• **Exercise objective**:
Take the line that contains "Shakira custom temporary" and each line after it to the end of the data below, and set them down exactly, omitting pictures.

• **Exercise data**:
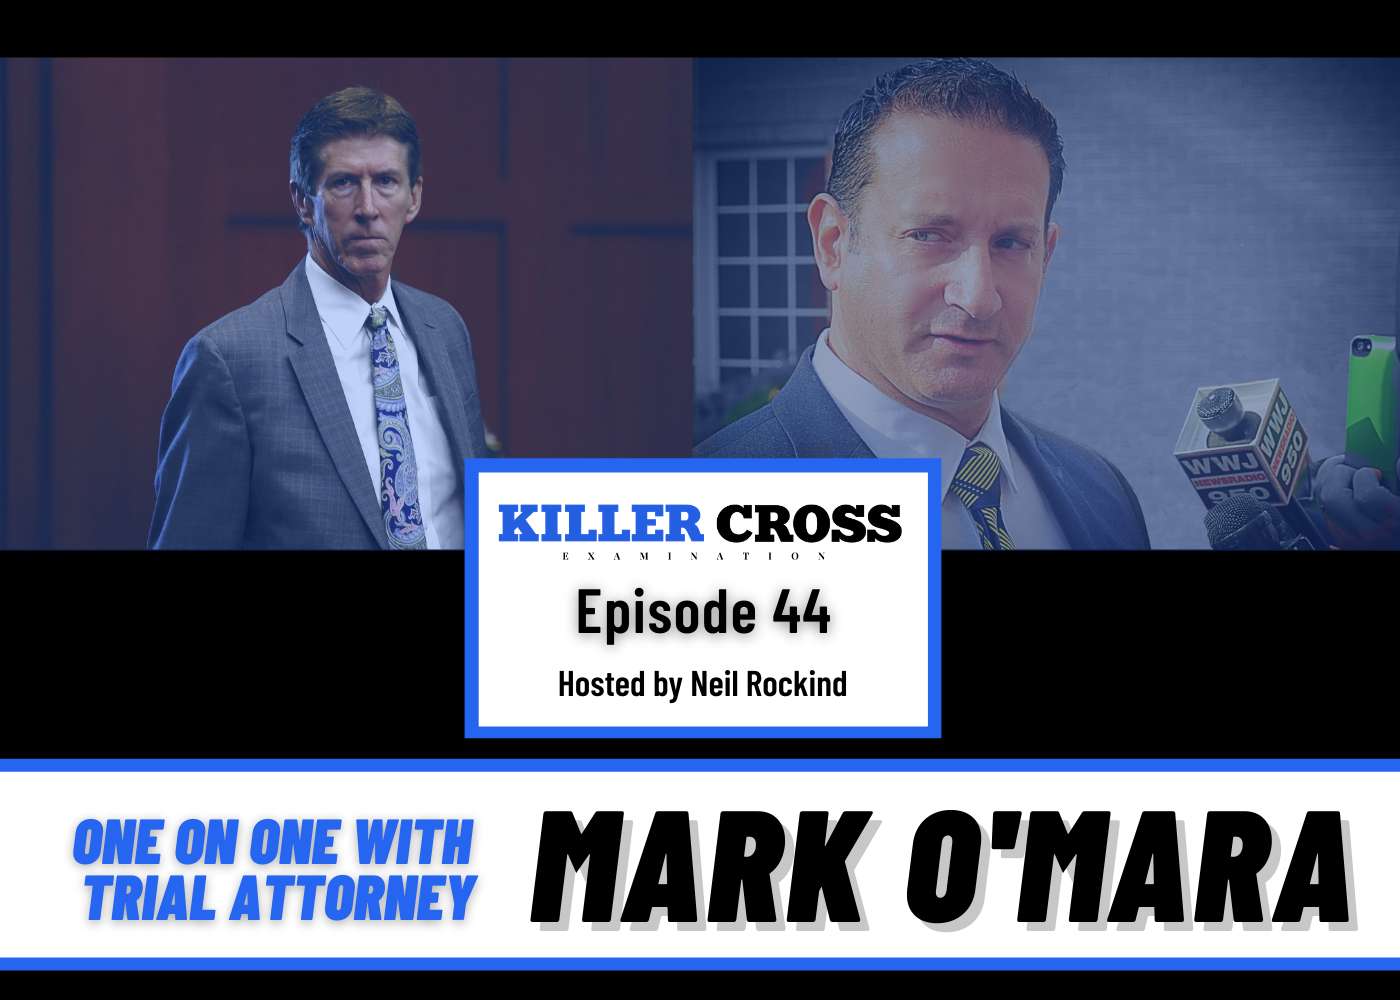 Episode 44: One on One with Trial Attorney- Mark O’Mara
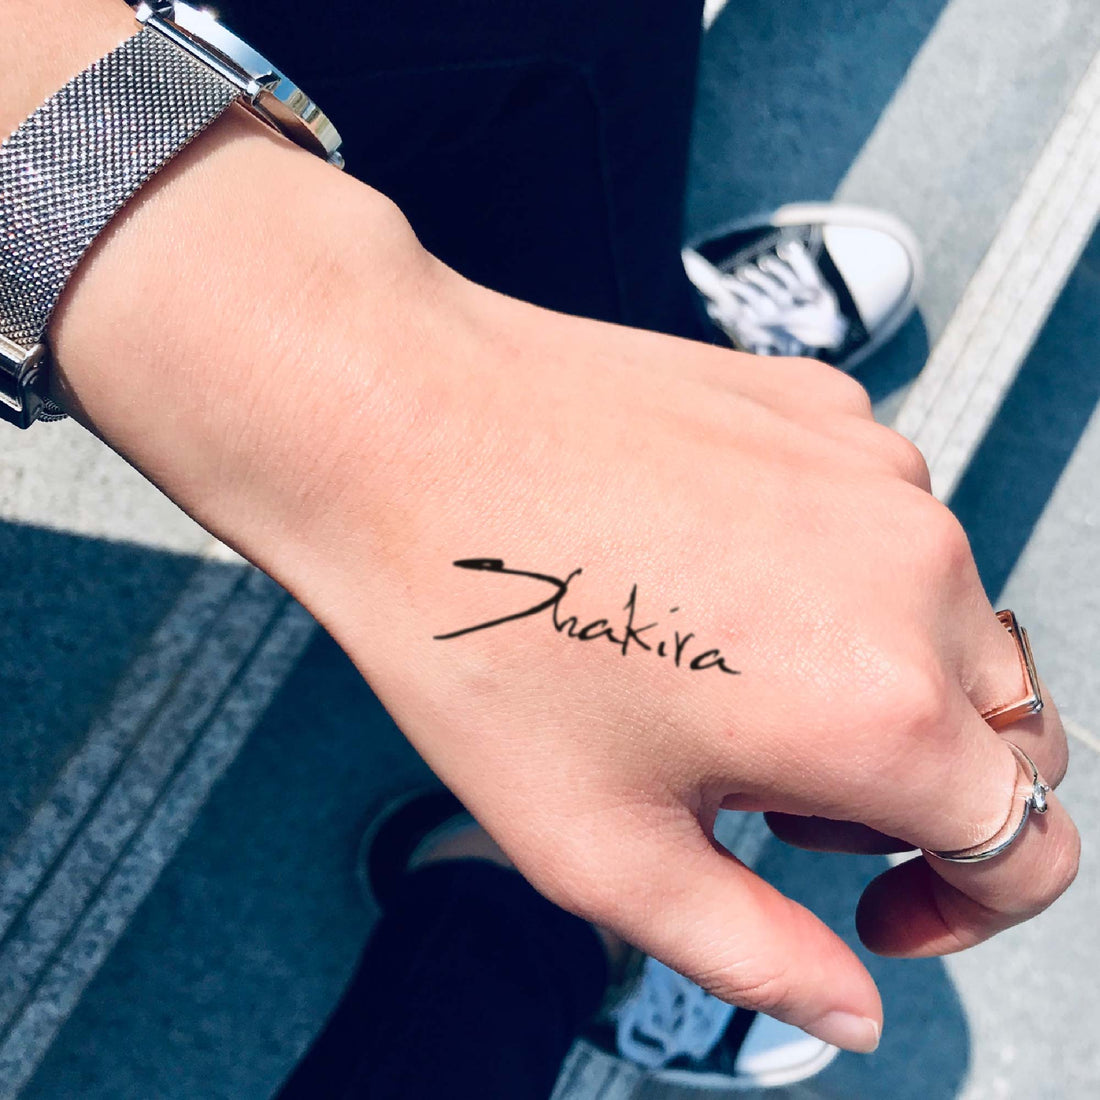 Shakira custom temporary tattoo sticker design idea inspiration meanings removal arm wrist hand words font name signature calligraphy lyrics tour concert outfits merch accessory gift souvenir costumes wear dress up code
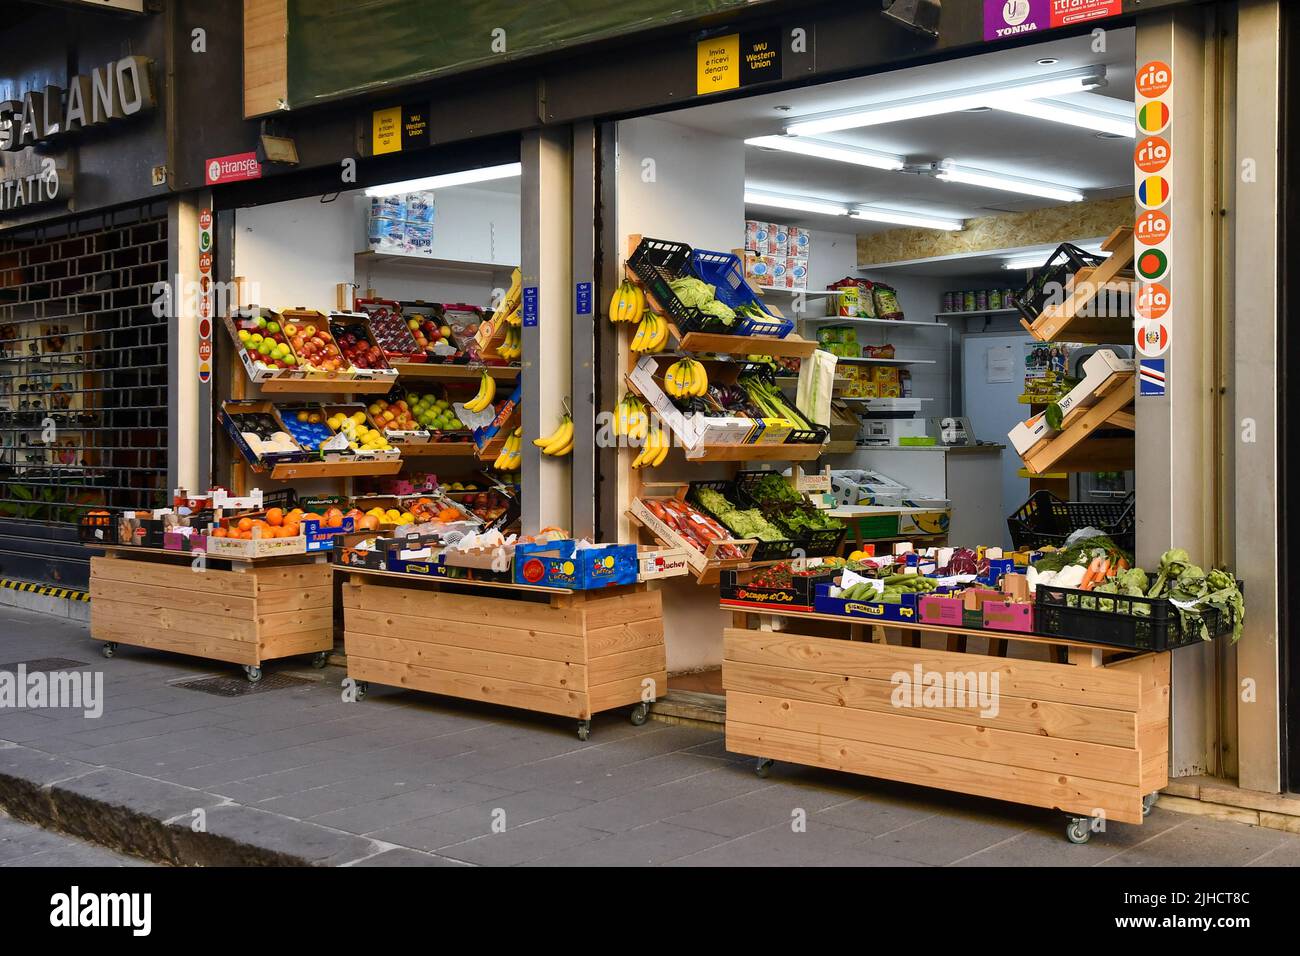 Exterior of a grocery store with fresh fruits and vegetables displayed on the sidewalk, Nervi, Genoa, Liguria, Italy Stock Photo

• **Reply to the task**:
 Shakira custom temporary tattoo sticker design idea inspiration meanings removal arm wrist hand words font name signature calligraphy lyrics tour concert outfits merch accessory gift souvenir costumes wear dress up code
 Exterior of a grocery store with fresh fruits and vegetables displayed on the sidewalk, Nervi, Genoa, Liguria, Italy Stock Photo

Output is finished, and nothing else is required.